* [TASK ITEM] A complete response lists each line of the data below that includes the word "four".

* [Records excerpted from a collection]
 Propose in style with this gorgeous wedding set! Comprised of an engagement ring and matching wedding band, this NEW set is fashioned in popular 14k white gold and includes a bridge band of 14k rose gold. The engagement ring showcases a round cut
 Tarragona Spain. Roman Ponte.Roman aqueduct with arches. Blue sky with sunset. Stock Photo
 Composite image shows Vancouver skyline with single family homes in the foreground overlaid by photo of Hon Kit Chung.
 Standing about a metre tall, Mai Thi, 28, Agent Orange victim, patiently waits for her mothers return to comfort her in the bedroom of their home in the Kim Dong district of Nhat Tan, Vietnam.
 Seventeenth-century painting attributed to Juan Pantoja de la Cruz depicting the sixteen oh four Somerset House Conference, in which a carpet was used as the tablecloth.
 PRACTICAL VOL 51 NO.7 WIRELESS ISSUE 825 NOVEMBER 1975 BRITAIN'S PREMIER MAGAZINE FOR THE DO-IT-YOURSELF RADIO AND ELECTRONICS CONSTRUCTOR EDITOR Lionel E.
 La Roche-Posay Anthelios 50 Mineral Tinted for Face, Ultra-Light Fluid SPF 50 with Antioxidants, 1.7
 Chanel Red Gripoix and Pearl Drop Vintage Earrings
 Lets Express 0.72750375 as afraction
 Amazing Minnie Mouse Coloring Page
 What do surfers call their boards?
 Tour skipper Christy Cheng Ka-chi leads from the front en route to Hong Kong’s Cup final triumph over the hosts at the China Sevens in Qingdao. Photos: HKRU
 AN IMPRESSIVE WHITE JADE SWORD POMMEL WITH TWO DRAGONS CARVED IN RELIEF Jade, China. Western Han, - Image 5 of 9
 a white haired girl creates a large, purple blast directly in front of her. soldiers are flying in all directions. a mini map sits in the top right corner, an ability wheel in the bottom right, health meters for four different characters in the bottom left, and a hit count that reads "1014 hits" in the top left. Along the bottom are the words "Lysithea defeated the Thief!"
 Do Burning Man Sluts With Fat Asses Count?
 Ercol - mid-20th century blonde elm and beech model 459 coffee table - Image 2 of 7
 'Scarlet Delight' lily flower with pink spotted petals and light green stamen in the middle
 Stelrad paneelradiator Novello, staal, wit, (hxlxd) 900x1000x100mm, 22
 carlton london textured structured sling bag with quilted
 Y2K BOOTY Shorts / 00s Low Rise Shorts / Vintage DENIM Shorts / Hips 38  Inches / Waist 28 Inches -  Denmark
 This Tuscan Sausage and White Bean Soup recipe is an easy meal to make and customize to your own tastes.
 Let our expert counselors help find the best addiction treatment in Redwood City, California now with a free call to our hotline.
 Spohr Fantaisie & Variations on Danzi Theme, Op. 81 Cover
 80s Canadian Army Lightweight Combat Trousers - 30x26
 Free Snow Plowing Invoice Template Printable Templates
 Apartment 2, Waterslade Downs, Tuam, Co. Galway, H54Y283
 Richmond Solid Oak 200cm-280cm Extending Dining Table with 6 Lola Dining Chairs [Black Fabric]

* [SOLUTION TO THIS EXERCISE]
 Seventeenth-century painting attributed to Juan Pantoja de la Cruz depicting the sixteen oh four Somerset House Conference, in which a carpet was used as the tablecloth.
 a white haired girl creates a large, purple blast directly in front of her. soldiers are flying in all directions. a mini map sits in the top right corner, an ability wheel in the bottom right, health meters for four different characters in the bottom left, and a hit count that reads "1014 hits" in the top left. Along the bottom are the words "Lysithea defeated the Thief!"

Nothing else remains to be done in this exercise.